*EXERCISE DESCRIPTION*. Please take the lines from the one holding "Muster Tapete Dunkelblau" through the one holding "陕西景点门票 渭南景点门票 华山风景名胜区" in the data below and copy them exactly.

*EXERCISE INPUTS*.
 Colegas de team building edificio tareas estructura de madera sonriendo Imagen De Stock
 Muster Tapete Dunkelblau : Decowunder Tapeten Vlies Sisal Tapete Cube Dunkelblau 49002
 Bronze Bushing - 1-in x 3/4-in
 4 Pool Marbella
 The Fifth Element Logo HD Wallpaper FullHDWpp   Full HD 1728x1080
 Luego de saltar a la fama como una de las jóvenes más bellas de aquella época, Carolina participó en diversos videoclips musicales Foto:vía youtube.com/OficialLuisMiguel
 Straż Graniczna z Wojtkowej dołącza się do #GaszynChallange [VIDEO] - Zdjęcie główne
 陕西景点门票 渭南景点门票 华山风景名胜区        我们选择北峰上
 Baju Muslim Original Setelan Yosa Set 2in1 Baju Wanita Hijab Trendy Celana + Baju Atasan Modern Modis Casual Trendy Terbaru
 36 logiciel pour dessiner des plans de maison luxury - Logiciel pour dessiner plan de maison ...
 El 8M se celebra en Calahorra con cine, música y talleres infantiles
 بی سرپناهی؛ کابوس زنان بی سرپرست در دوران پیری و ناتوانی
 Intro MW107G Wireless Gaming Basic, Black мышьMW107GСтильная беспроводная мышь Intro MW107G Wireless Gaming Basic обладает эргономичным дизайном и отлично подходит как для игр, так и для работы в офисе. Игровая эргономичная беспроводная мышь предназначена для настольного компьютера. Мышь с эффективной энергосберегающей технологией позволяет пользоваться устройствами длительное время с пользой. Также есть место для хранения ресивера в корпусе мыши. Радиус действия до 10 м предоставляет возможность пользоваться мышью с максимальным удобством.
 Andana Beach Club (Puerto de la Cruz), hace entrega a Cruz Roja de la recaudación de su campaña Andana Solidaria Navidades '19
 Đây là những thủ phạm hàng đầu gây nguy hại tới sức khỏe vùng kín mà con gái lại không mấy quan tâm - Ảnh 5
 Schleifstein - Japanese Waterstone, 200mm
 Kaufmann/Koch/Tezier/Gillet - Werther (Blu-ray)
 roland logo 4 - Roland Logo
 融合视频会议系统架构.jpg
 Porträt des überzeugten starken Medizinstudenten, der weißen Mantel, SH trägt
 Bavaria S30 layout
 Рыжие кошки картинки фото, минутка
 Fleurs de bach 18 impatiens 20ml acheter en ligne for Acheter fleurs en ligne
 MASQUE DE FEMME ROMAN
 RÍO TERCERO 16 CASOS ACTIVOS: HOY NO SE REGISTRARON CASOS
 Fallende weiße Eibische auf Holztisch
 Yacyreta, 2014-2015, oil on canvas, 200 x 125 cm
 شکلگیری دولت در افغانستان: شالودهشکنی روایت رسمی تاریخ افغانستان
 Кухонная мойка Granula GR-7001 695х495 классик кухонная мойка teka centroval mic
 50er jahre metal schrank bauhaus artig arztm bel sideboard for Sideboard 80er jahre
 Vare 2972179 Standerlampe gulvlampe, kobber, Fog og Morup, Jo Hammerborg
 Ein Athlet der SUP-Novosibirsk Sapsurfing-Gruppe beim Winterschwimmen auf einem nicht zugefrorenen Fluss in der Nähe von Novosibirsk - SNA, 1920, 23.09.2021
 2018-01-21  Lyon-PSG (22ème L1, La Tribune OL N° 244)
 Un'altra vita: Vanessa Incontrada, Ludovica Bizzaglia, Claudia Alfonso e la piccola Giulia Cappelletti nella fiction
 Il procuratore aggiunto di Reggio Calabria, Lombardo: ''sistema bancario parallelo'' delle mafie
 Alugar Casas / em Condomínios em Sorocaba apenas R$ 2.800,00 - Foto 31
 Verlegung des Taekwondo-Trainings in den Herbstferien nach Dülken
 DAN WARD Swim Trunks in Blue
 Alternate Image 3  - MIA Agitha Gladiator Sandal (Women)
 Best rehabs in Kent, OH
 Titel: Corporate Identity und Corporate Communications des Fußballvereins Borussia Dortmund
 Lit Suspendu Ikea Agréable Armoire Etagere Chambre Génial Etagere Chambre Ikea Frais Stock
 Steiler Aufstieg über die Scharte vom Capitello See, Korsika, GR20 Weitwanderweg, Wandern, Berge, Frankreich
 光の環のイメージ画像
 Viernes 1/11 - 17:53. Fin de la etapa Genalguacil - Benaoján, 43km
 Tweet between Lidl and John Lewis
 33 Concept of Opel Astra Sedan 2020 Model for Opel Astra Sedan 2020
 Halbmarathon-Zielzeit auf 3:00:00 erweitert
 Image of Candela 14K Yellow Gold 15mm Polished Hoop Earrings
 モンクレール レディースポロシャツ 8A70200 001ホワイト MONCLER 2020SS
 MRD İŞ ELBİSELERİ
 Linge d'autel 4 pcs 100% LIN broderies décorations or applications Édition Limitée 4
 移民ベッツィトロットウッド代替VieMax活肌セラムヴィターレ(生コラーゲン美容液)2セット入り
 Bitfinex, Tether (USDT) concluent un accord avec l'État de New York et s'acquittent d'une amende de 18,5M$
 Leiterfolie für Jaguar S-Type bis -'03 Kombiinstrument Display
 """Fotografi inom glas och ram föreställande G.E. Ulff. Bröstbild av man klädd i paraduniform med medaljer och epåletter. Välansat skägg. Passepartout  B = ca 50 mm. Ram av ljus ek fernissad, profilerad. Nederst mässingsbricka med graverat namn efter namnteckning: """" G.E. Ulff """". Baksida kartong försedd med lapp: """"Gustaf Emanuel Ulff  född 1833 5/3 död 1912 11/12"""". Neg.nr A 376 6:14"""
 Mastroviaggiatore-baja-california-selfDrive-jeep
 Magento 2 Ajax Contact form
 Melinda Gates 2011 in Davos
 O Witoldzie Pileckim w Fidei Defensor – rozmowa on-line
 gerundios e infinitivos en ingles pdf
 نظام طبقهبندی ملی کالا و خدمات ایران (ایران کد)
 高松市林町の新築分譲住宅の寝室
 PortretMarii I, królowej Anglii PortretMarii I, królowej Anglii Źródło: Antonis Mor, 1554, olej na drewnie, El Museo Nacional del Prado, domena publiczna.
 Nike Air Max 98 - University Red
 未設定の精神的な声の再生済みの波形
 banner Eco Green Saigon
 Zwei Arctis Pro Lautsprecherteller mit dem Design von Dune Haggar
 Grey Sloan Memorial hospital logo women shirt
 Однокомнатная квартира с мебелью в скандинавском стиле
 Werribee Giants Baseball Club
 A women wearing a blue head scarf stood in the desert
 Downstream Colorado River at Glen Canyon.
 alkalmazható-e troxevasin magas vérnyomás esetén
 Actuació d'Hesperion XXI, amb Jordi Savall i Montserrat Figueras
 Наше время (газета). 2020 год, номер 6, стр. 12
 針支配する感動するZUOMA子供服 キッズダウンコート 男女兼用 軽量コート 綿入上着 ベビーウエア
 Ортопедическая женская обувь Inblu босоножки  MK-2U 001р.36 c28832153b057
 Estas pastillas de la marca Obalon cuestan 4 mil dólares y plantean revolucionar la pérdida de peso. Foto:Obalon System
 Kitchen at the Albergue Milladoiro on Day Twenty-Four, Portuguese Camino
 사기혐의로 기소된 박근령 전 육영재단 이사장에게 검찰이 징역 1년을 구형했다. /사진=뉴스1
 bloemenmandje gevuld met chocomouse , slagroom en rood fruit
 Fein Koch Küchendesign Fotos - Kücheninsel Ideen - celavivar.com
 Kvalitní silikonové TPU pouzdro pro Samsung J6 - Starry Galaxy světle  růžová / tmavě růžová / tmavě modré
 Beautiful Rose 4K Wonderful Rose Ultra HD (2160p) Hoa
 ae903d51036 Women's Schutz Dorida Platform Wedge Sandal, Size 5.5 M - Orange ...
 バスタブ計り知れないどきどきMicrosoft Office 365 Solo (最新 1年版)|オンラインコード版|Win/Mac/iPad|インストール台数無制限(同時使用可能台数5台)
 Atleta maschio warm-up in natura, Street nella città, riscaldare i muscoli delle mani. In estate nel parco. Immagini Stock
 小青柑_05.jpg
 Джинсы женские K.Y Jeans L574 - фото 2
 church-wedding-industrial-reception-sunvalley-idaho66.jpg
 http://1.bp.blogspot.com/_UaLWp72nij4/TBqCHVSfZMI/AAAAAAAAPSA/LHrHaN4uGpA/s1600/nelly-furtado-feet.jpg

*ANSWER TO THE EXERCISE*.
 Muster Tapete Dunkelblau : Decowunder Tapeten Vlies Sisal Tapete Cube Dunkelblau 49002
 Bronze Bushing - 1-in x 3/4-in
 4 Pool Marbella
 The Fifth Element Logo HD Wallpaper FullHDWpp   Full HD 1728x1080
 Luego de saltar a la fama como una de las jóvenes más bellas de aquella época, Carolina participó en diversos videoclips musicales Foto:vía youtube.com/OficialLuisMiguel
 Straż Graniczna z Wojtkowej dołącza się do #GaszynChallange [VIDEO] - Zdjęcie główne
 陕西景点门票 渭南景点门票 华山风景名胜区        我们选择北峰上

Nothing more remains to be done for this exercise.